In this tutorial, you'll build an intelligent AI application by integrating Azure OpenAI with a Java Spring Boot application and deploying it to Azure App Service. You'll create a Spring Boot controller that sends a query to Azure OpenAI and sends the response to the browser.

Tip

While this tutorial uses Spring Boot, the core concepts of building a chat application with Azure OpenAI apply to any Java web application. If you're using a different hosting option on App Service, such as Tomcat or JBoss EAP, you can adapt the authentication patterns and Azure SDK usage shown here to your preferred framework.

Screenshot showing a chatbot running in Azure App Service.

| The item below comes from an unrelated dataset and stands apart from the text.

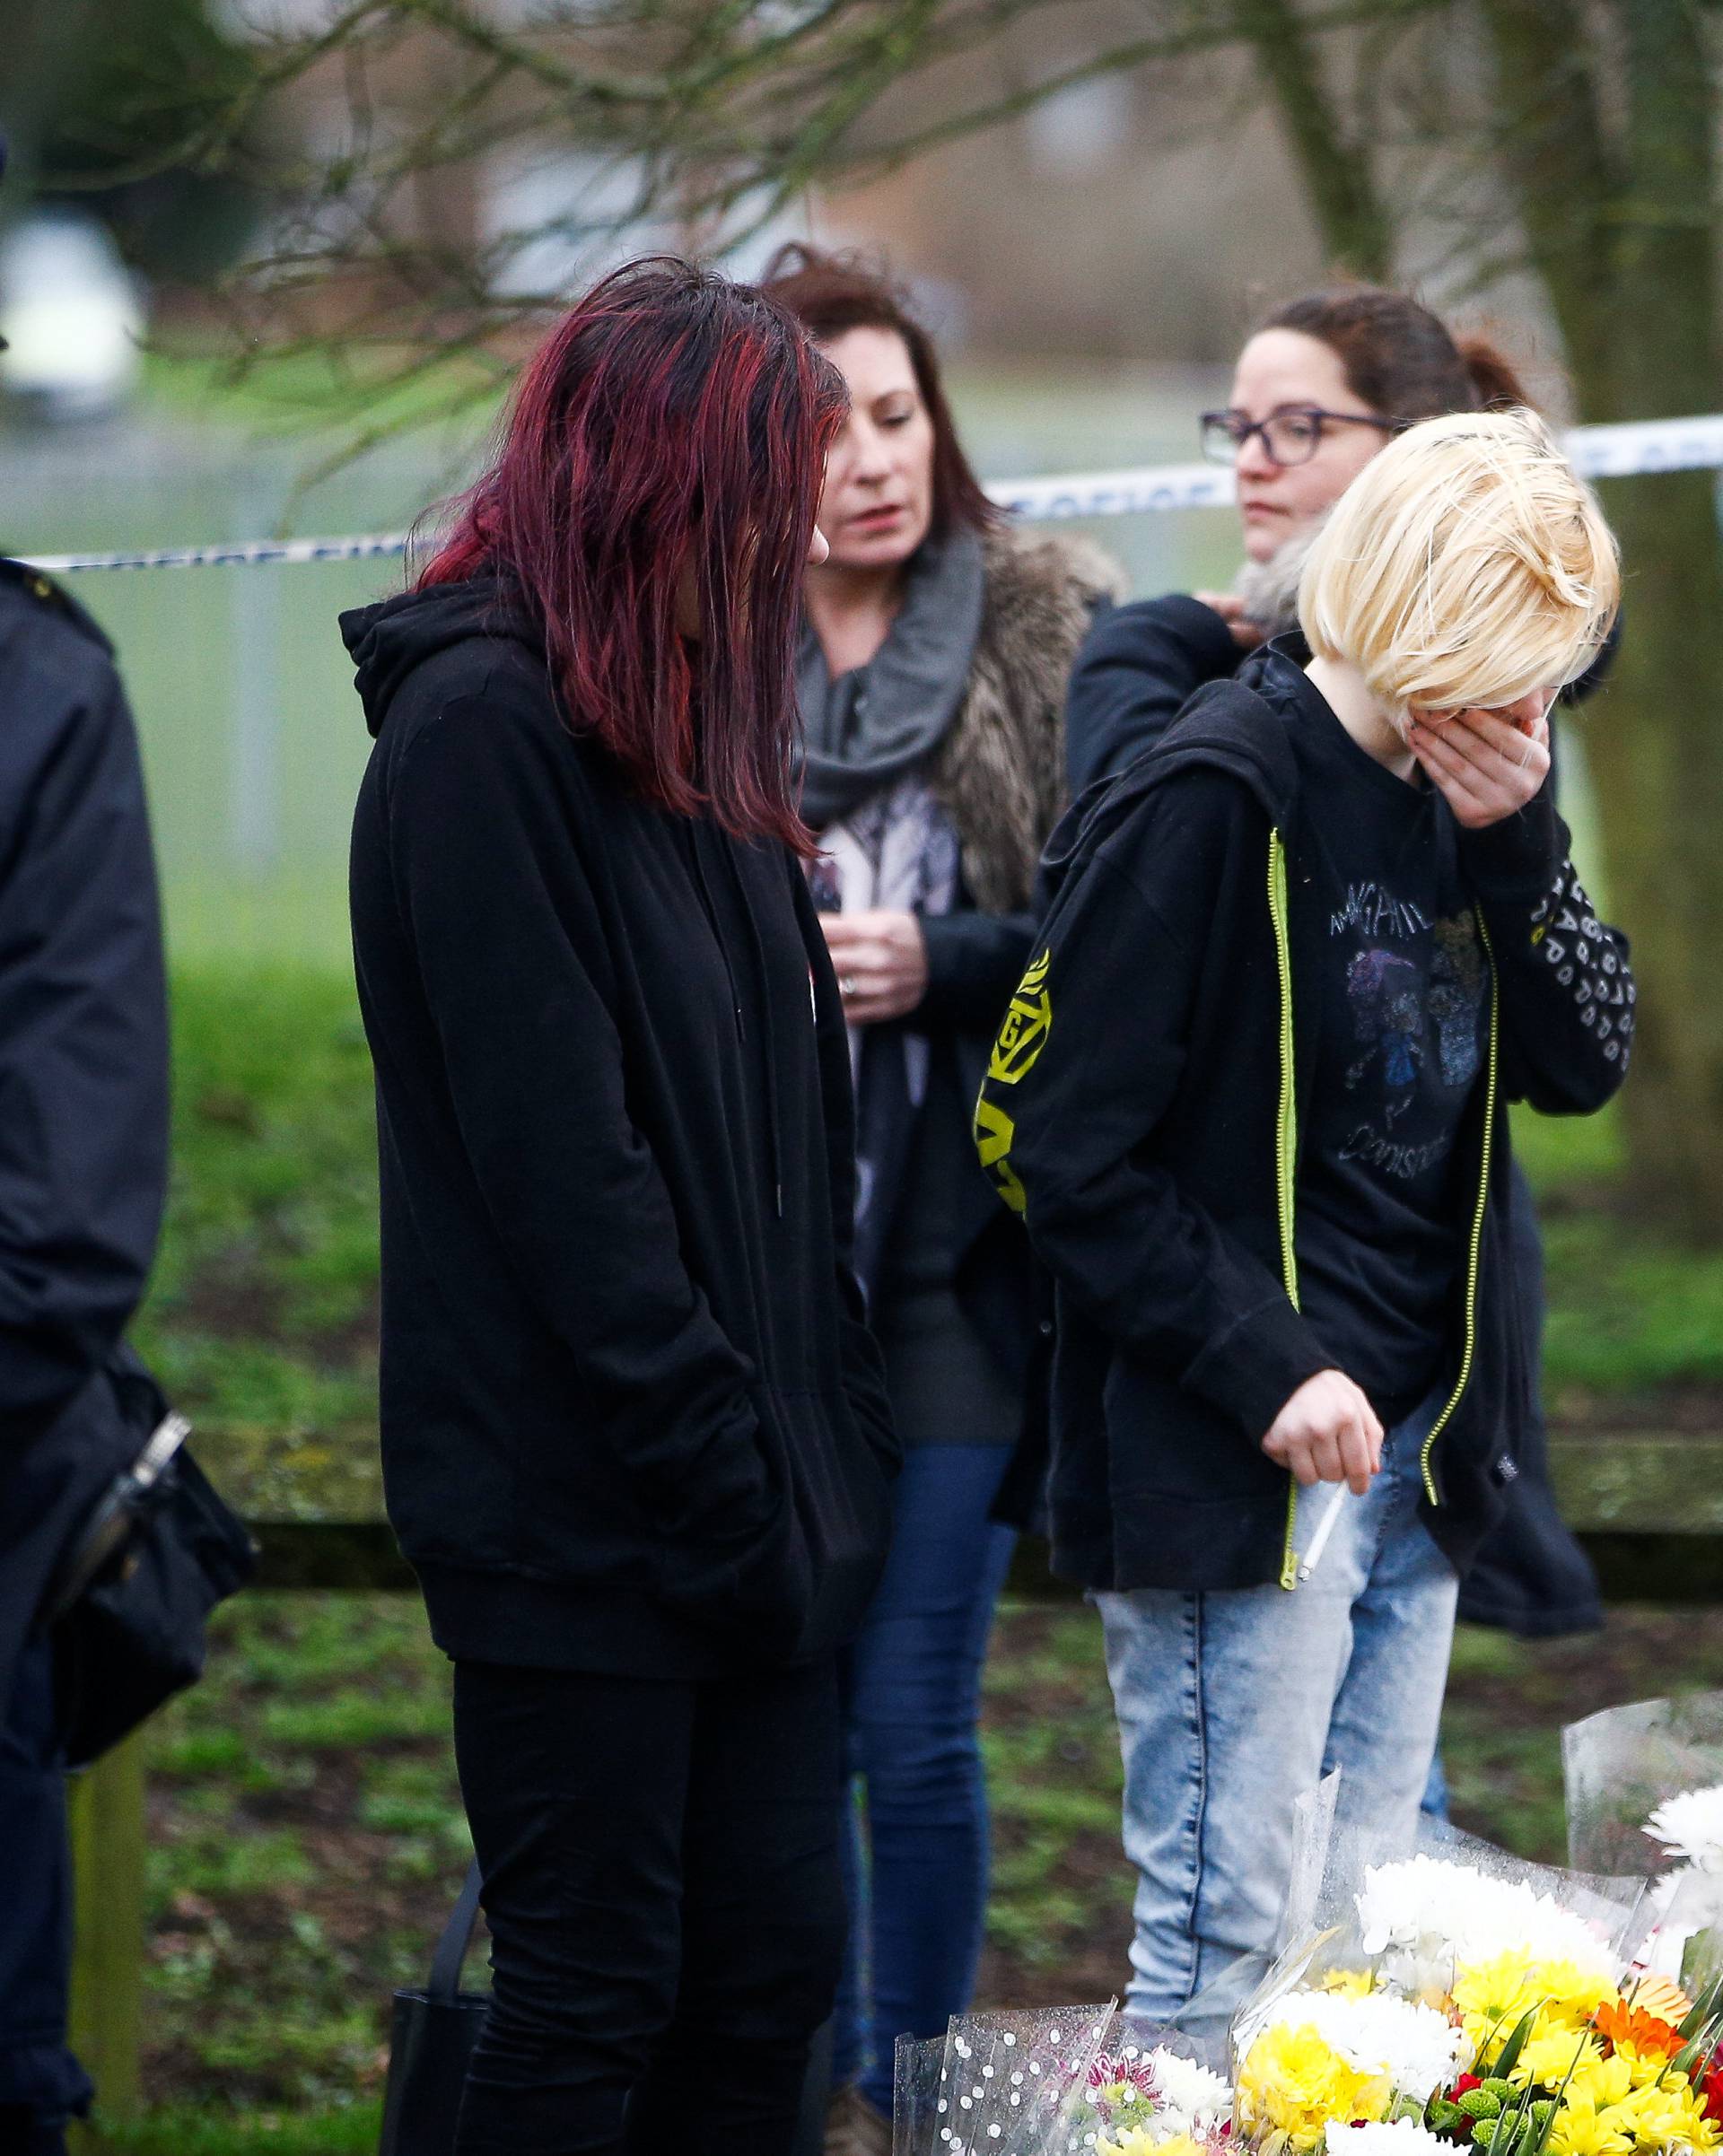 People visit  a site near to where 17-year-old Jodie Chesney was killed, at the Saint Neots Play Park in Harold Hill, east London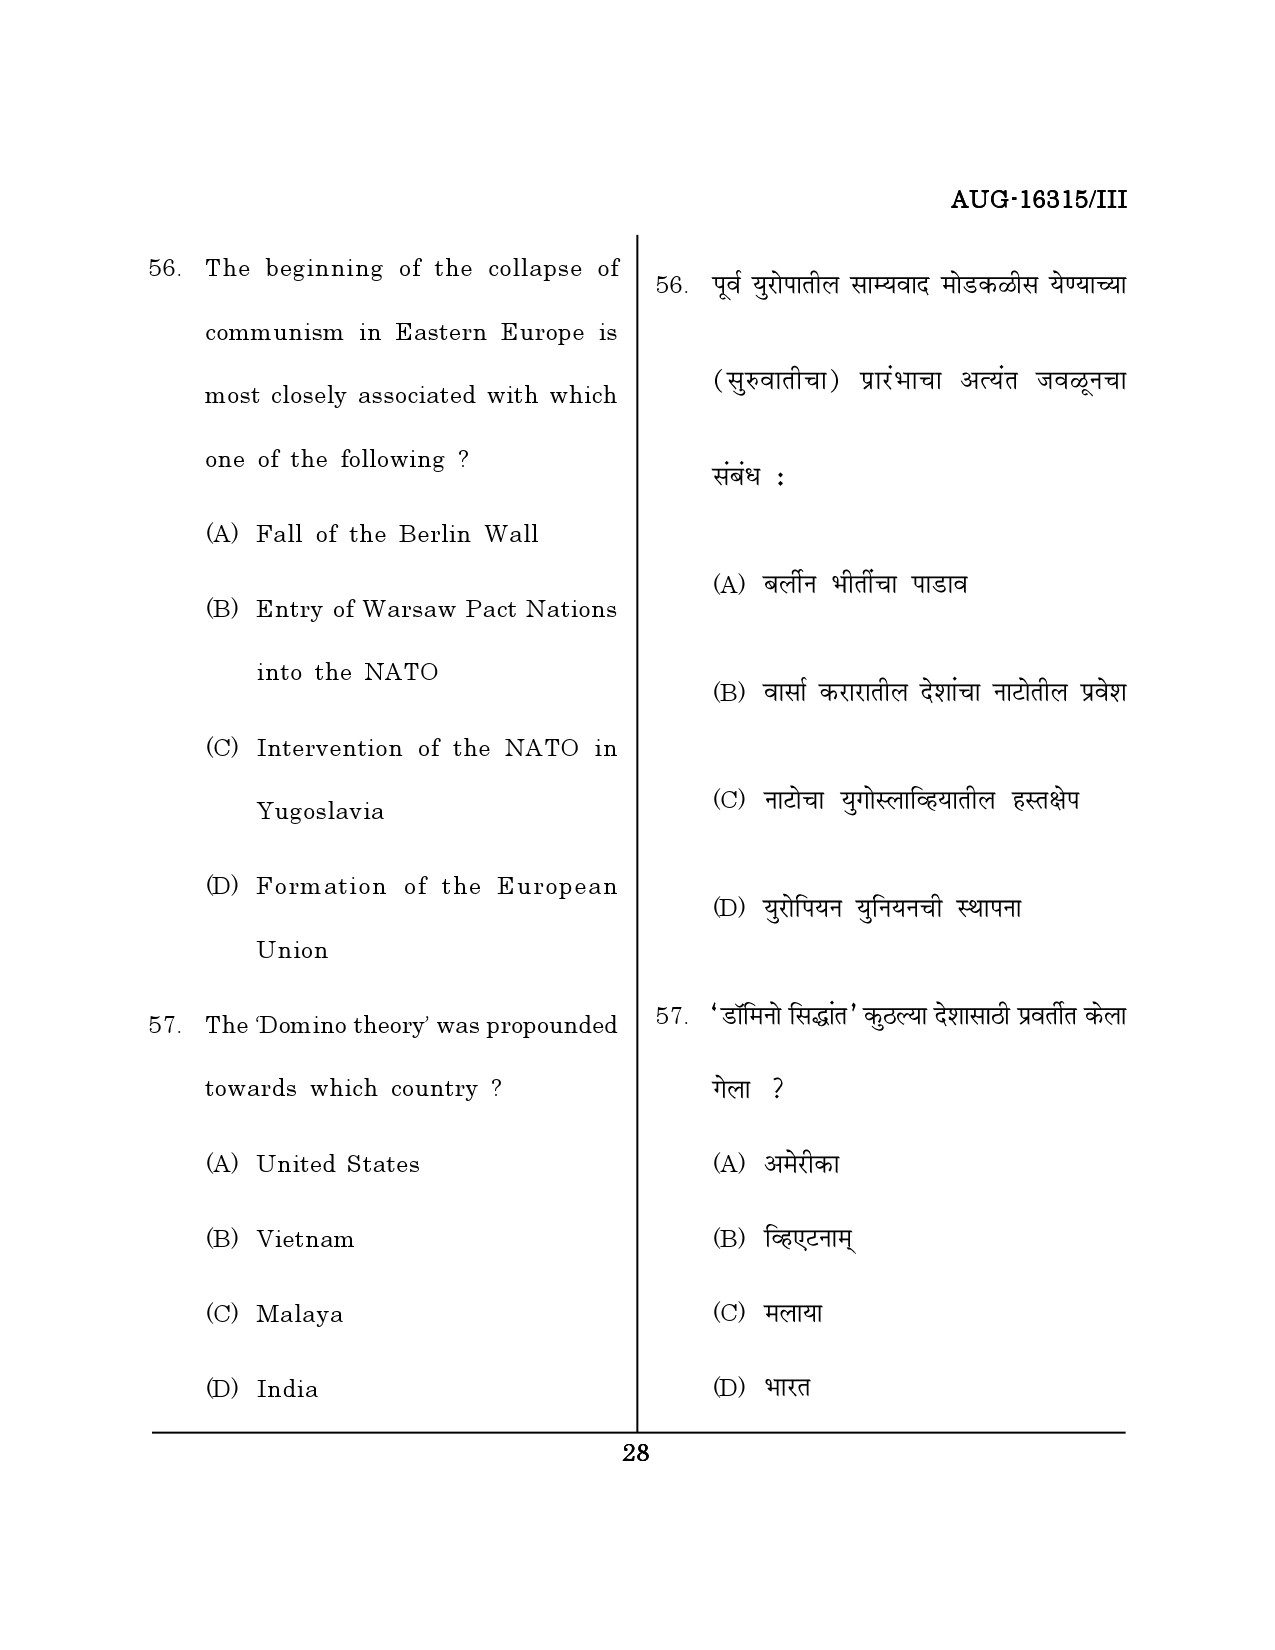 Maharashtra SET Defence and Strategic Studies Question Paper III August 2015 27

In this tutorial, you learn how to:

  • Create an Azure OpenAI resource and deploy a language model.
  • Build a Spring Boot application that connects to Azure OpenAI.
  • Use dependency injection to configure the Azure OpenAI client.
  • Deploy the application to Azure App Service.
  • Implement passwordless secure authentication both in the development environment and in Azure.

Prerequisites

1. Create an Azure OpenAI resource

In this section, you'll use GitHub Codespaces to create an Azure OpenAI resource with the Azure CLI.

  1. Go to GitHub Codespaces and sign in with your GitHub account.

  2. Find the Blank template by GitHub and select Use this template to create a new blank Codespace.

  3. In the Codespace terminal, install the Azure CLI:

    curl -sL https://aka.ms/InstallAzureCLIDeb | sudo bash
    
  4. Sign in to your Azure account:

    az login
    

    Follow the instructions in the terminal to authenticate.

  5. Set environment variables for your resource group name, Azure OpenAI service name, and ___location:

    export RESOURCE_GROUP="<group-name>"
    export OPENAI_SERVICE_NAME="<azure-openai-name>"
    export APPSERVICE_NAME="<app-name>"
    export LOCATION="eastus2"
    

    Important

    The region is critical as it's tied to the regional availability of the chosen model. Model availability and deployment type availability vary from region to region. This tutorial uses gpt-4o-mini, which is available in eastus2 under the Standard deployment type. If you deploy to a different region, this model might not be available or might require a different tier. Before changing regions, consult the Model summary table and region availability to verify model support in your preferred region.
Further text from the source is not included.